### WORK INSTRUCTION
Extract each line of the material that follows exactly and omit its pictures.
━━━━━ RAW DATA
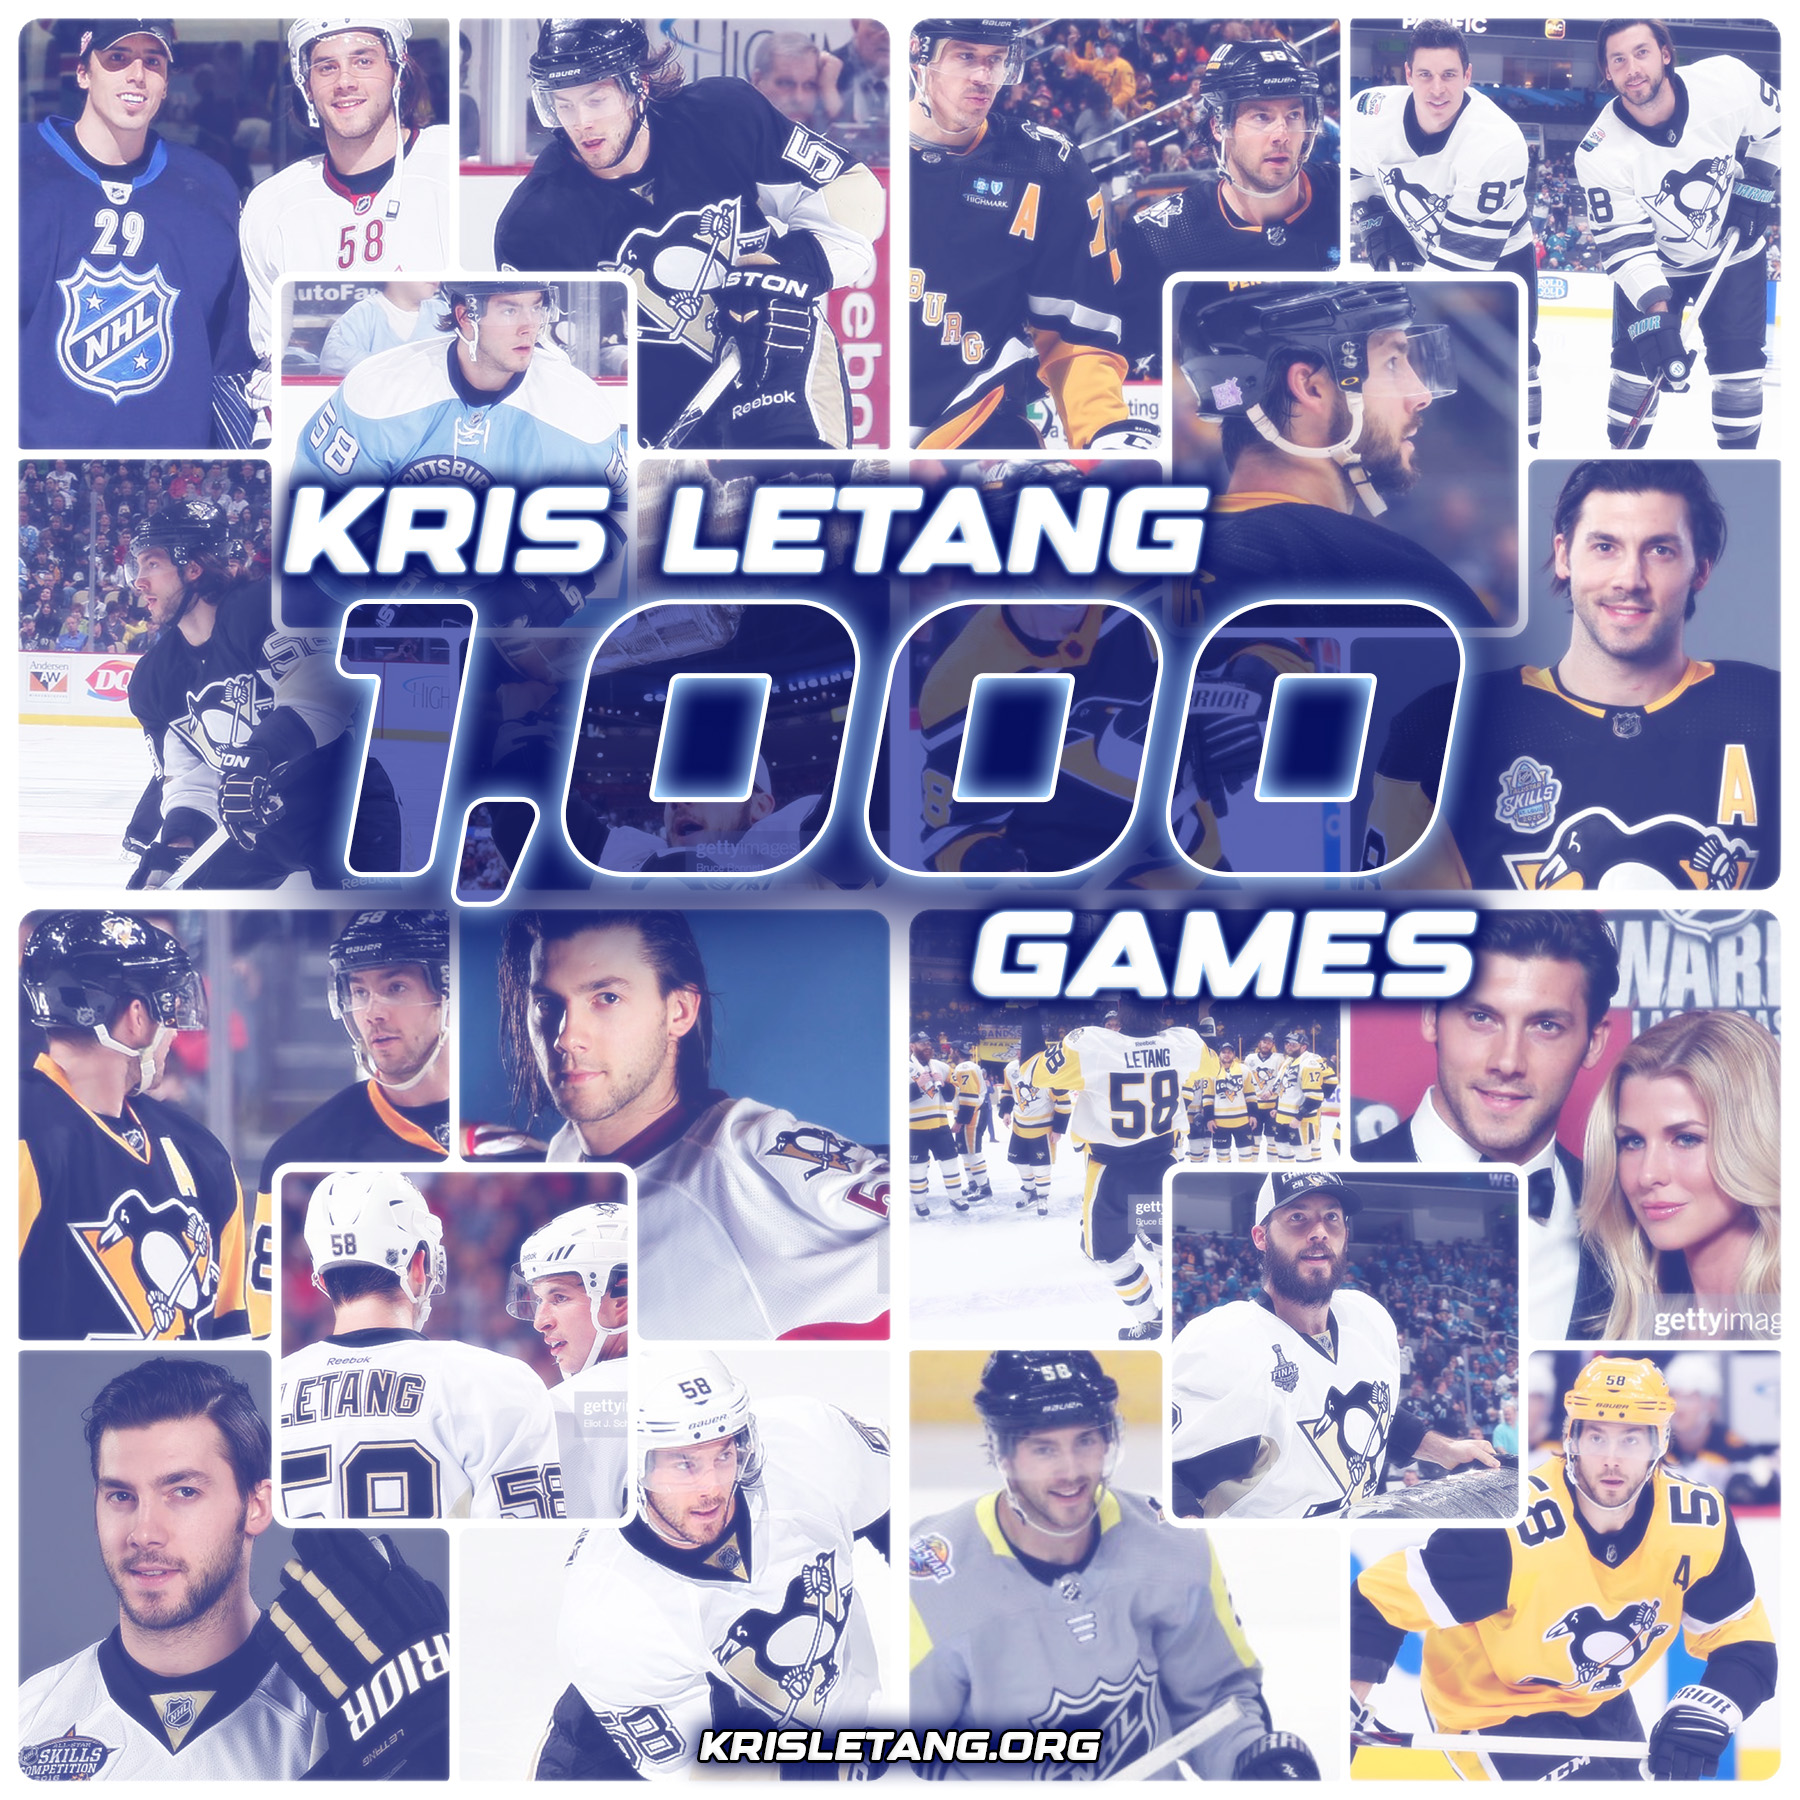 Graphic collage of Kris Letang hockey photos to celebrate the 1,000th game
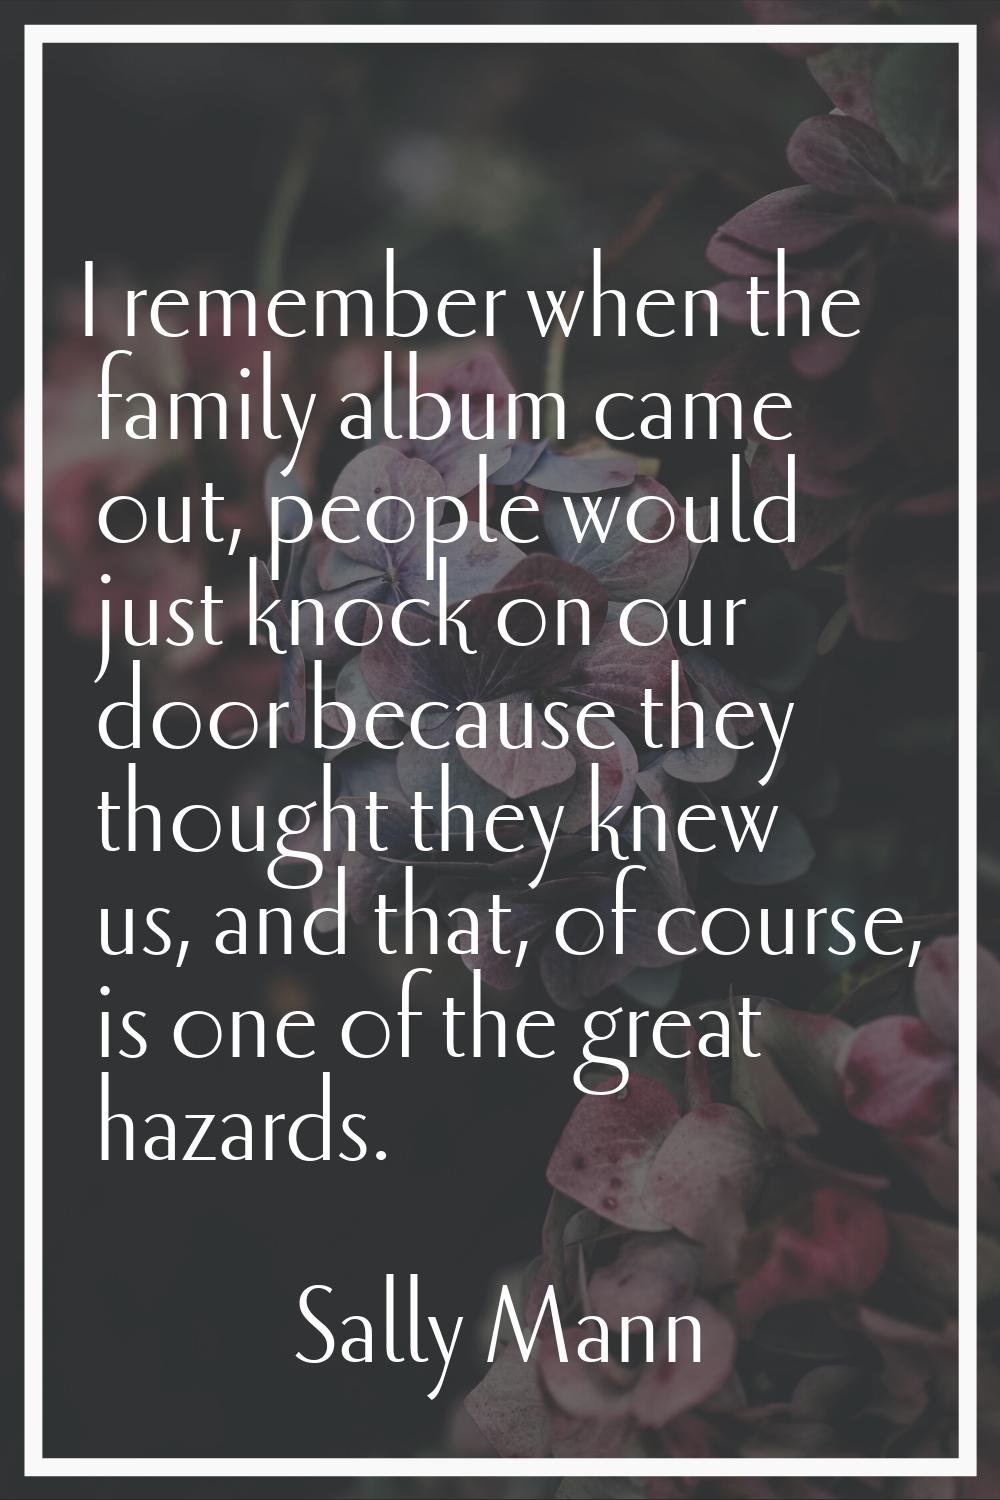 I remember when the family album came out, people would just knock on our door because they thought
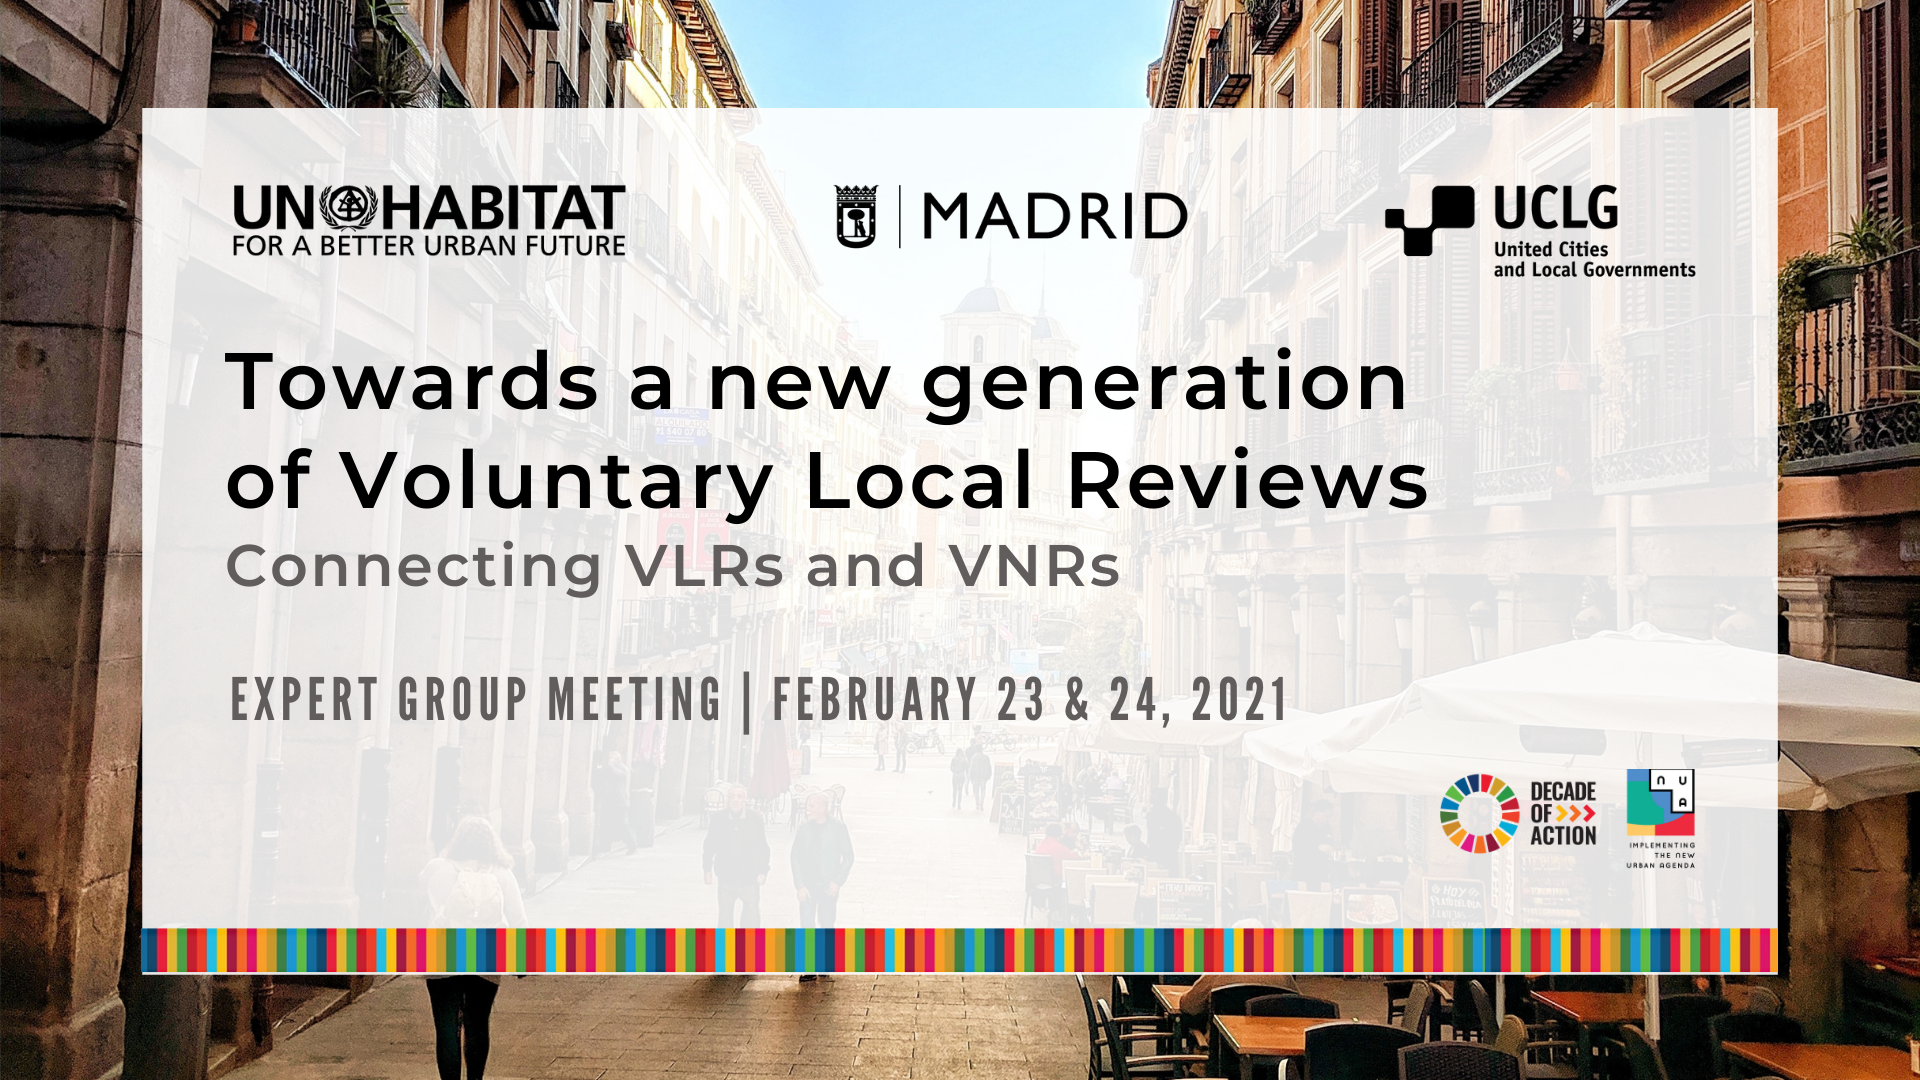 Expert Group Meeting (EGM) Towards a new generation of Voluntary Local Reviews: Connecting VLRs and VNRs
━━━━━━━━━━
### OUTPUT BELOW
 Graphic collage of Kris Letang hockey photos to celebrate the 1,000th game
 I remember when the family album came out, people would just knock on our door because they thought
 Expert Group Meeting (EGM) Towards a new generation of Voluntary Local Reviews: Connecting VLRs and VNRs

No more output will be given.